───── Material for this exercise ─────

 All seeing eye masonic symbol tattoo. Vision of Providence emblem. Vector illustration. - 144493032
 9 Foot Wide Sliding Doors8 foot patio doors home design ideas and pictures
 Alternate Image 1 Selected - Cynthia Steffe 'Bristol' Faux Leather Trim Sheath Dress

─────
───── Material for this exercise ─────

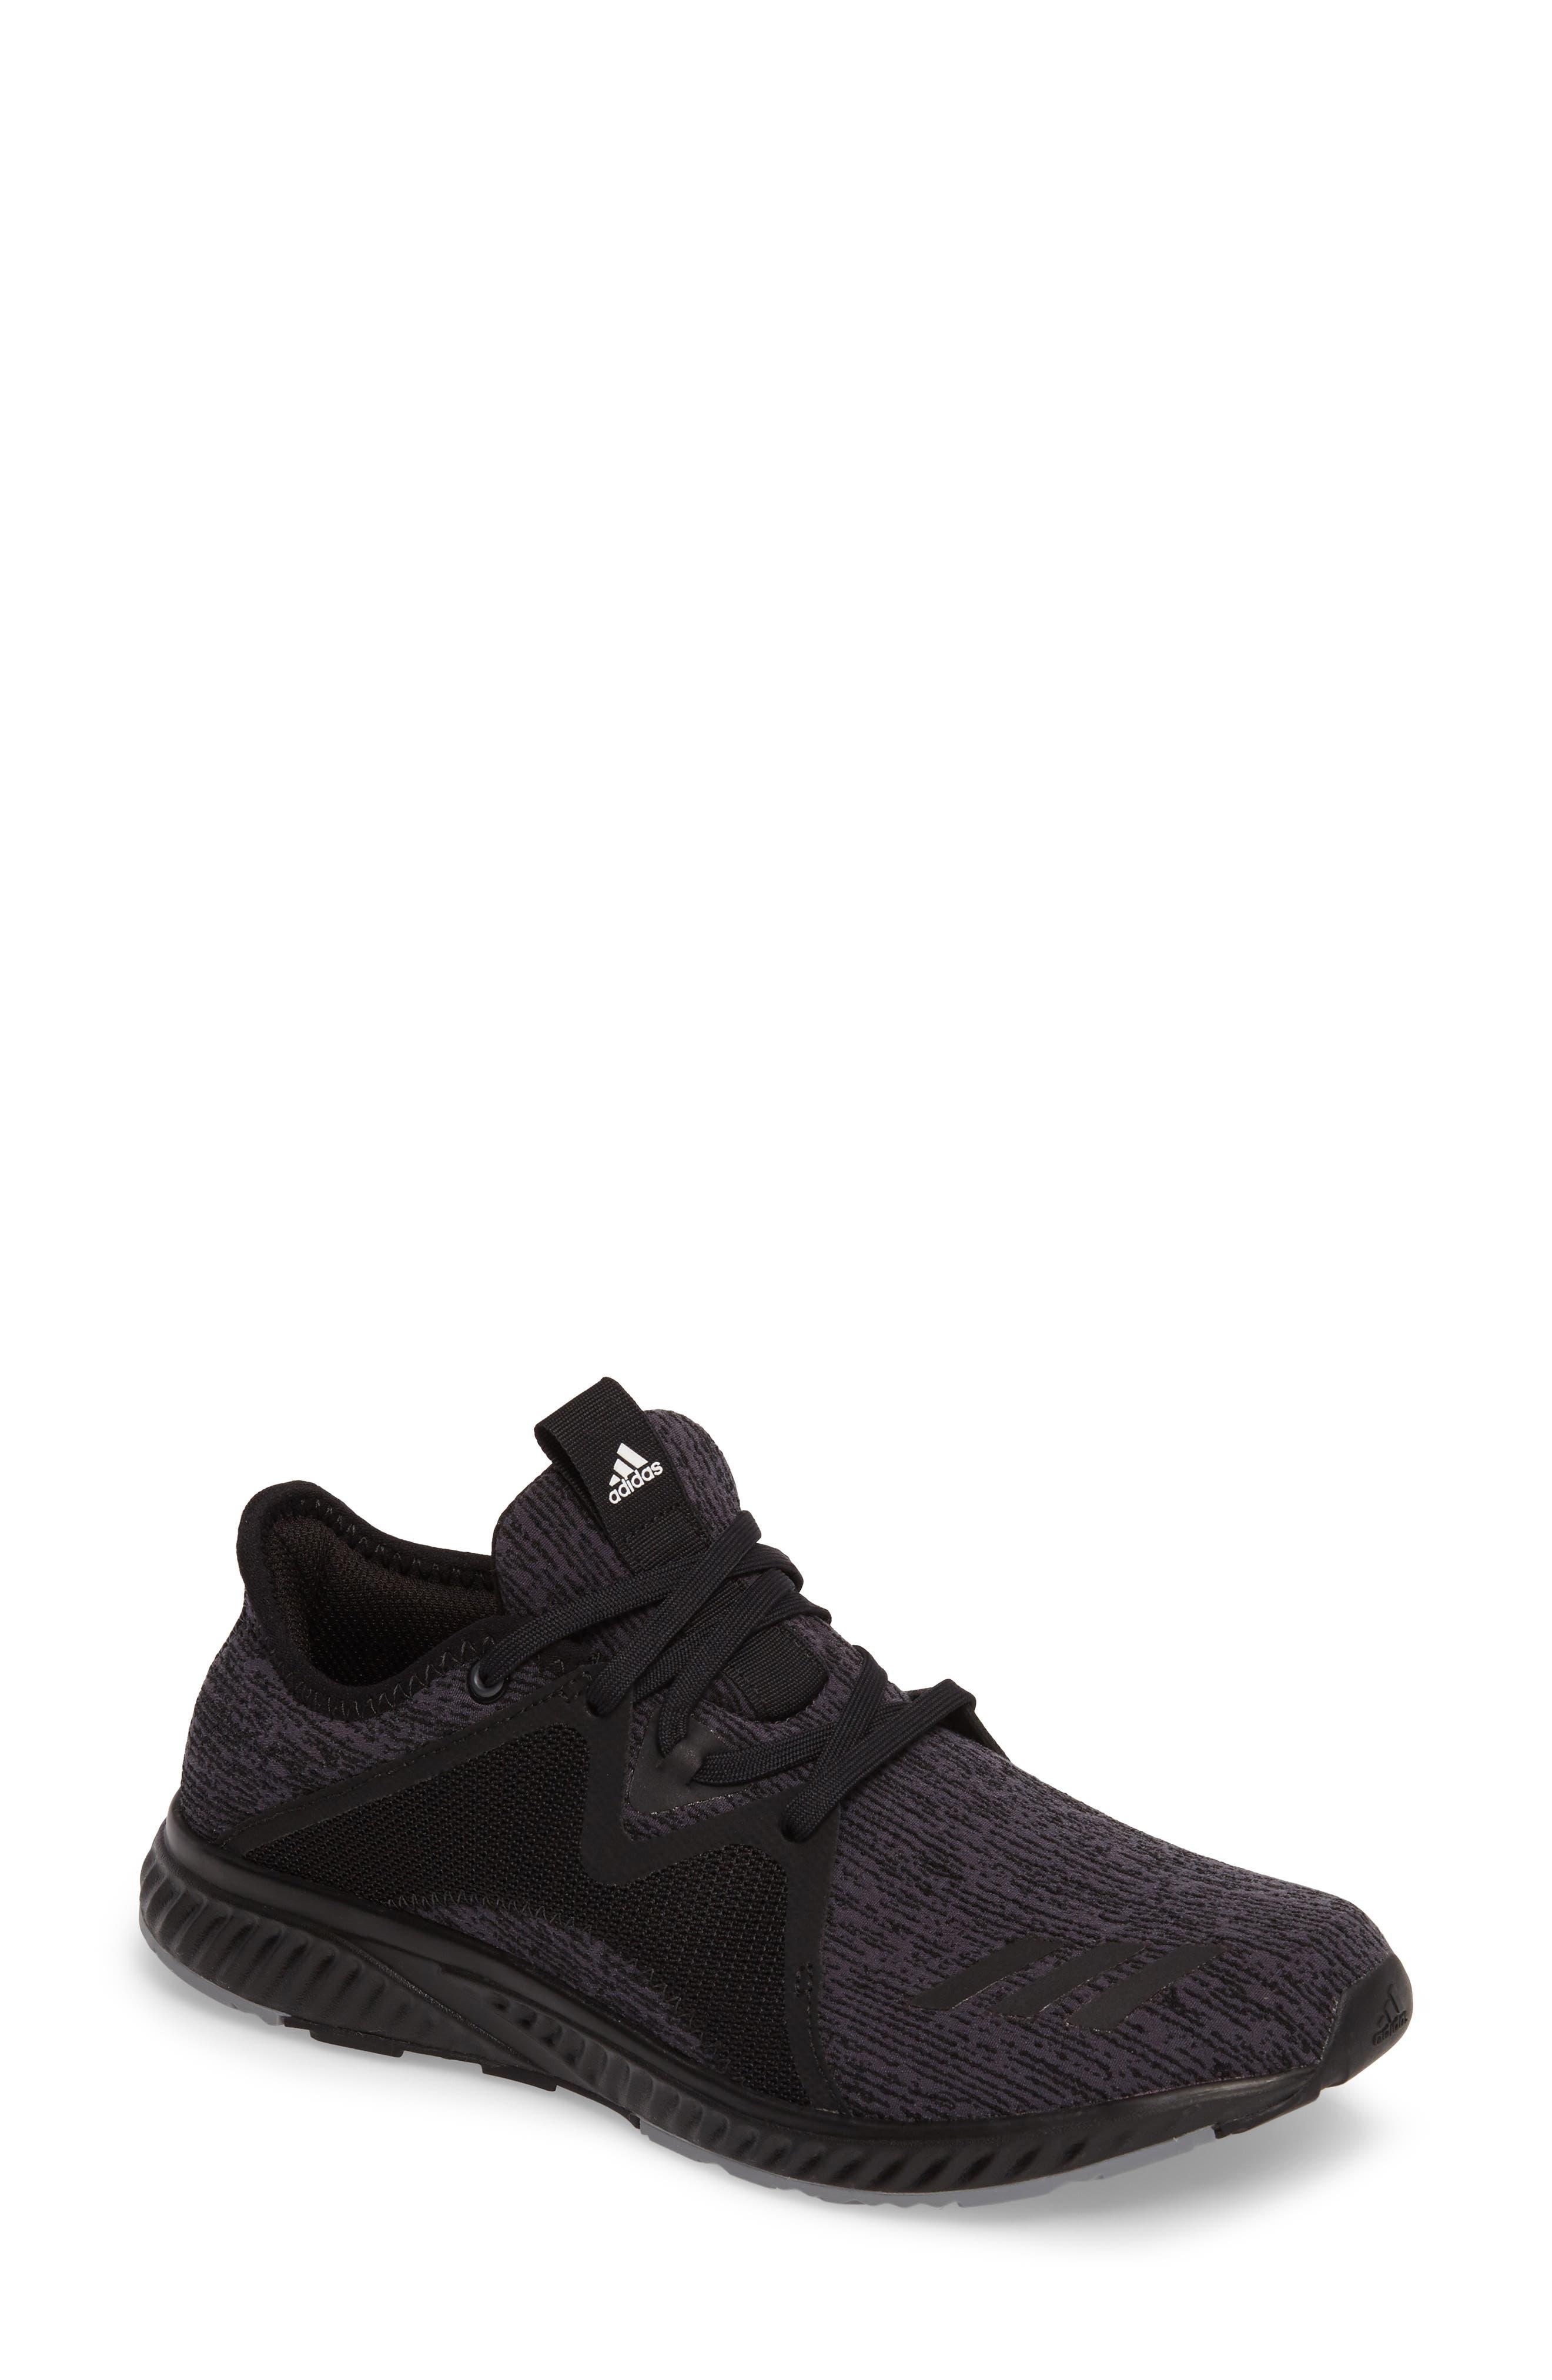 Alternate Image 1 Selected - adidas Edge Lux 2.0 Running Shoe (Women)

─────

## [Instructions for the task]
An exact copy of the lines above between the line holding "All seeing eye" and the line holding "Alternate Image 1 Selected - Cynthia", inclusive, is the whole answer.

## [Response to this exercise]
 All seeing eye masonic symbol tattoo. Vision of Providence emblem. Vector illustration. - 144493032
 9 Foot Wide Sliding Doors8 foot patio doors home design ideas and pictures
 Alternate Image 1 Selected - Cynthia Steffe 'Bristol' Faux Leather Trim Sheath Dress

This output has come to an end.